Poets would make pronouncements about these Movement in an expansive tone of voice, like that used when offering one another drinks, and as a rule they could look after themselves. But when an earnest logical student takes up this line of talk he gets bogged down very rapidly; I have seen it happen.
So Empson is saying: these arguments against arguments are just argufments, and even if they were arguments, they would be refuted by the fact that the arguments they argue against are just argufments.
But why am I interested as well as amused? I don't care about the Symbolist/Imagist controversy. (Perhaps Empson is unfair to the poor things, I wouldn't know.) I am - as Empson clearly is - fascinated by the category of 'argufment', which the controversy serves, rather incidentally, to foreground. (I take it the term is a contraction of argument + guff, which seems about right.)
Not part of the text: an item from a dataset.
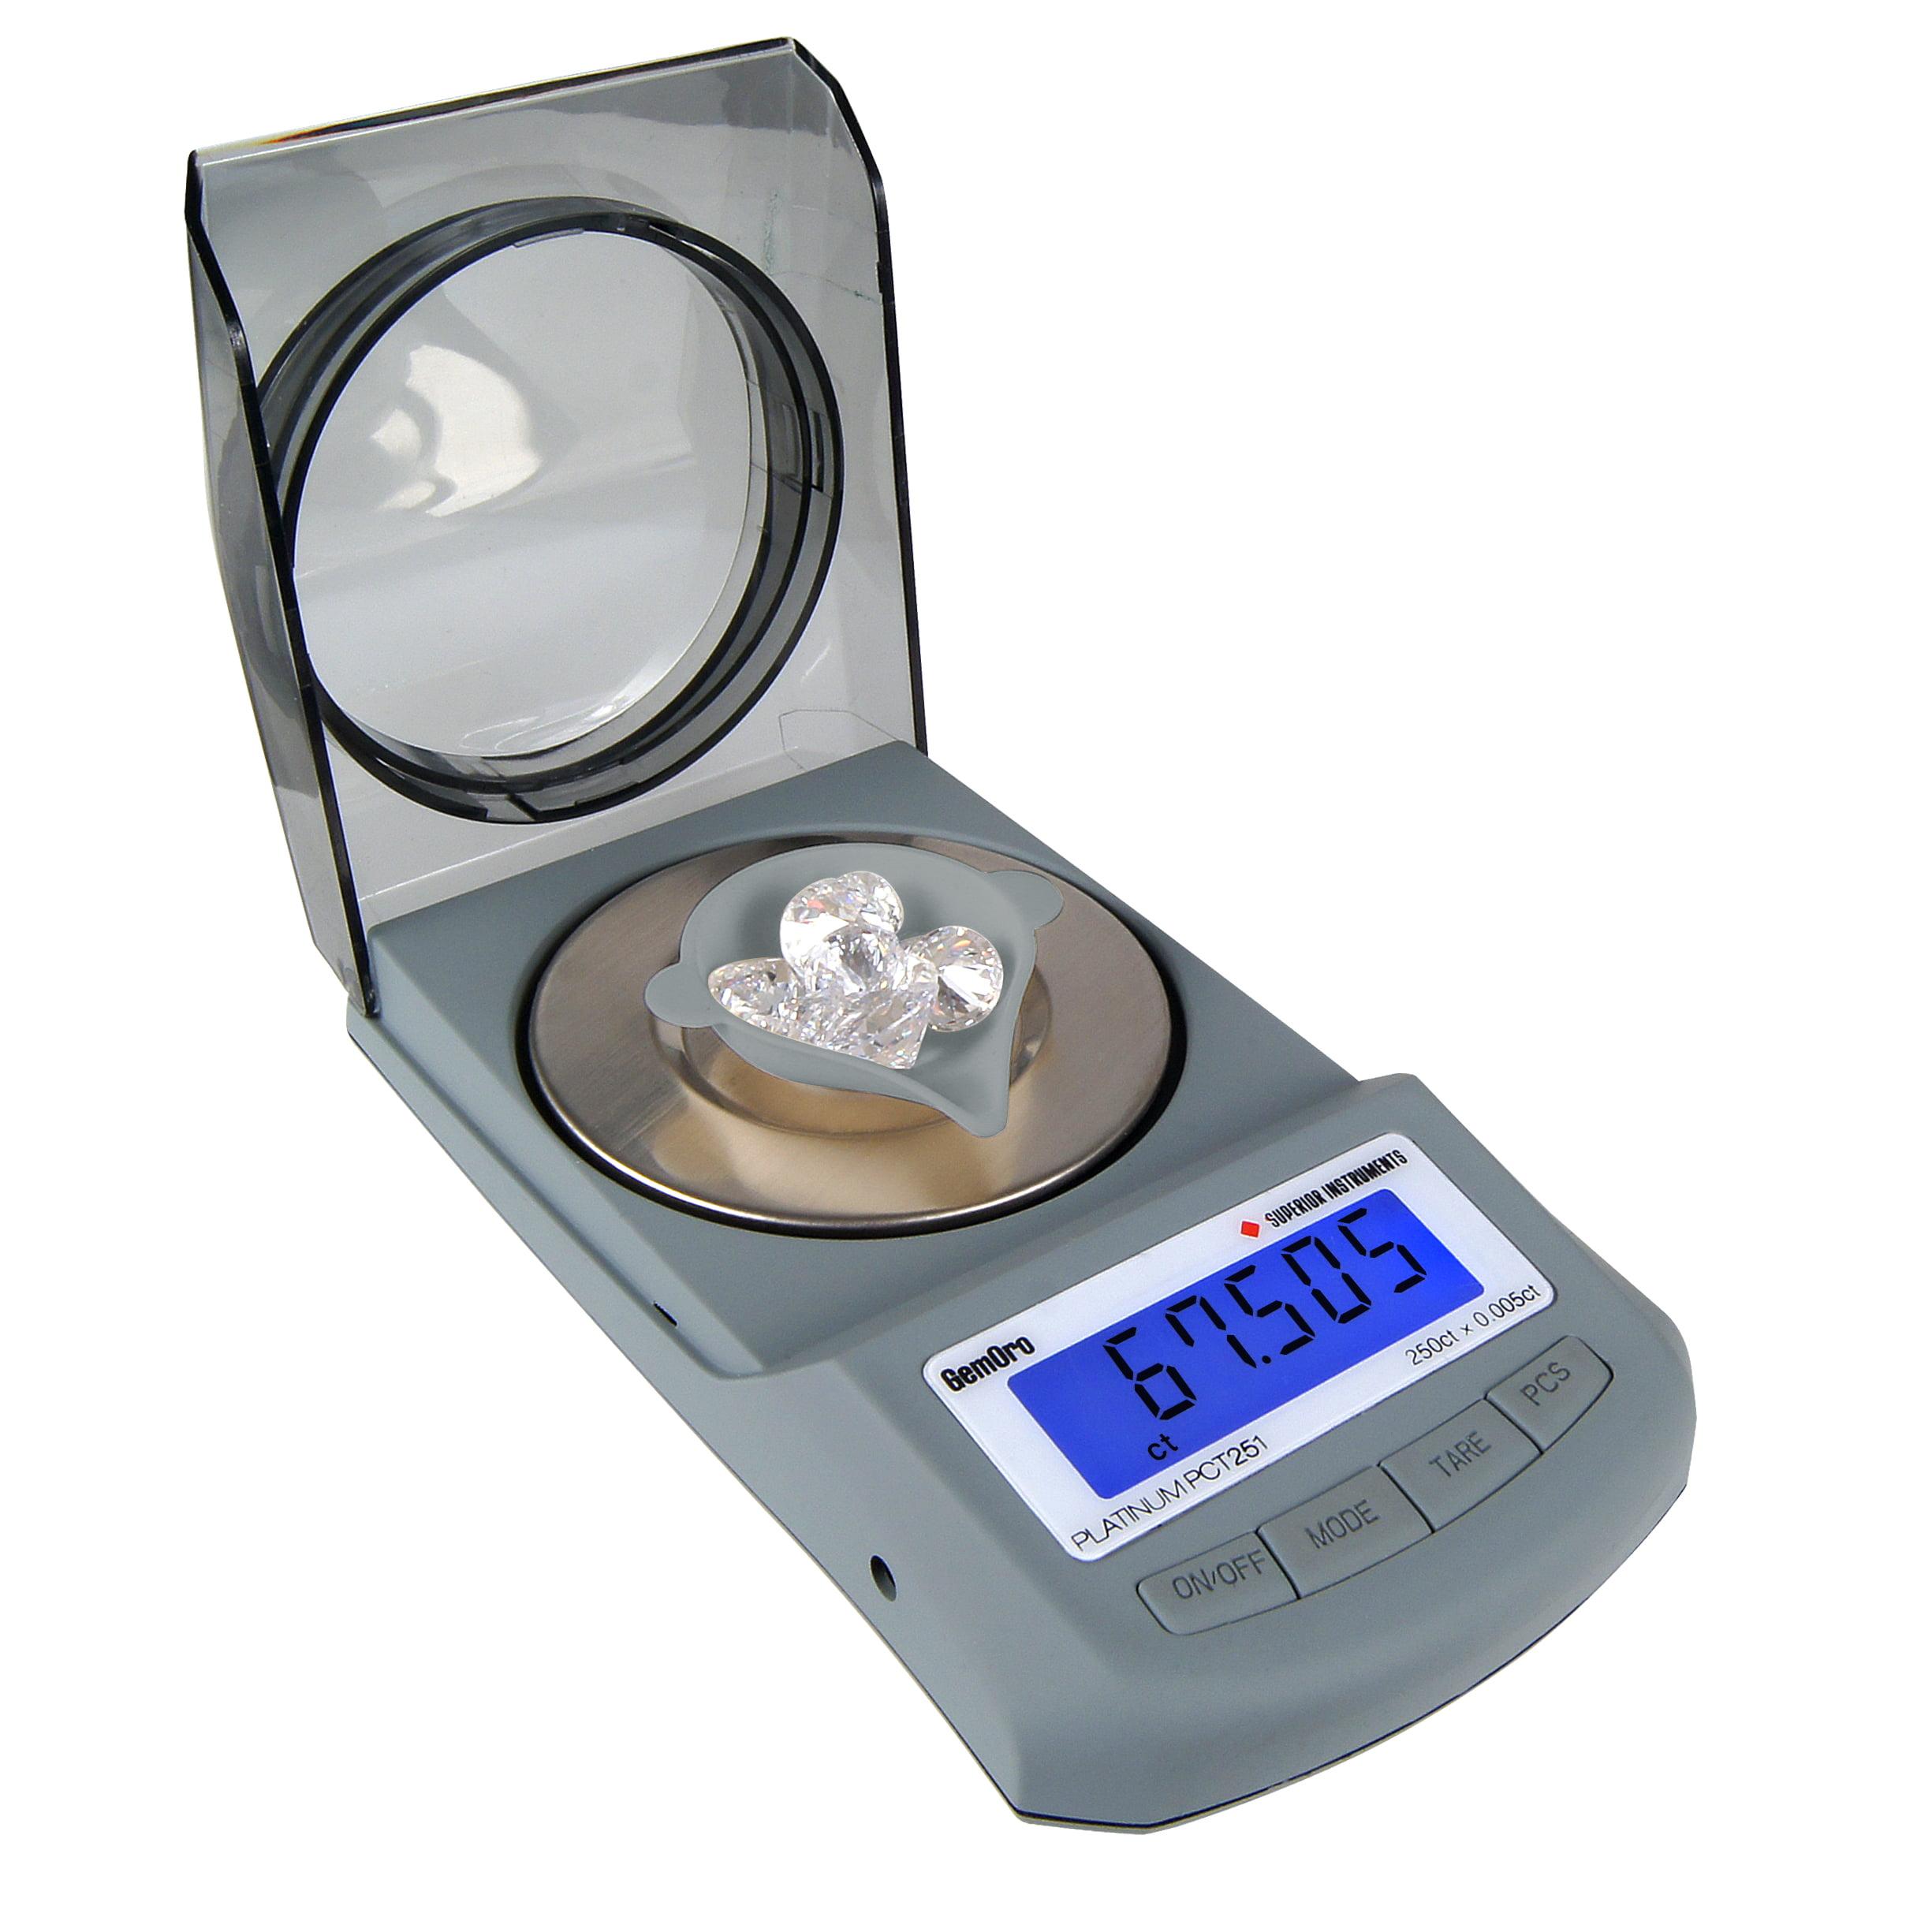 Authorized PCT251 Premium Class Pocket Scale

In recent days and weeks I've been punching noses of the likes of Fish and Zizek and Harpham, but there is a limit to the utility of this procedure; at any rate, a point of diminishing return despite ongoing muscular satisfaction. A point is reached when Fish gets back up and says, placidly: philosophy has no consequences; or Harpham asserts Zizek's philosophical superiority over all-comers in terms that would be appropriate for wine-tasting, and I can't prove he is wrong in wine-tasting terms, only philosophically. And the question must be asked: why am I so different from them? I mean: I think they are wrong and I am right. They no doubt would have some choice things to say about me. When did we part ways so fundamentally?
There's a funny scene in "The Limey" - nice to see Terence Stamp not playing stiff, Galactic Republic Senators sometimes, don't you find? - in which the titular Limey is baffling a big, mad black LA seargant with a torrent of cockney rhyming slang, amongst other things. The stream comes to an end and the seargant just says (like a punch on the nose): "The only thing I don't understand is every single word that comes out of your mouth!"
I feel like that, reading Fish and Zizek and Harpham and others. What's it all about, hey? Why are they messing with me, pretending to believe stuff they can't possibly, and refusing to answer sensible objections? What's the motivation?
Part of the answer, I think, is that they believe that a philosophical argument is just an argufment. Which makes it hard to start a philosophical argument about whether they are right. But at least one knows where one stands.
If a 'therefore' is only ever a punch in the nose, and you are capable of shrugging it off, then philosophy is the proverbial 97-pound weakling who will only ever get sand kicked in its face. This is the only thought that makes remote sense of Fish's central thesis. If, on the other hand, being overcome by the power of philosophy is like being incapable of shrugging off a punch, then maybe wine-tasting terms can help, to some degree, characterize the stars and tweety-birds that result from cracking the pages of some, not other, philosophy books. (That's a mighty astringent and pertinacious punch you got there, son!) This is the only thought that makes sense of Harpham's approach.
This sounds like not a new answer at all: the old rhetoric/sophistry versus reason/philosophy go-around. But I want to try to impart a new angle of spin to this tired, over-revolving globe. The poetry angle is key. Tomorrow.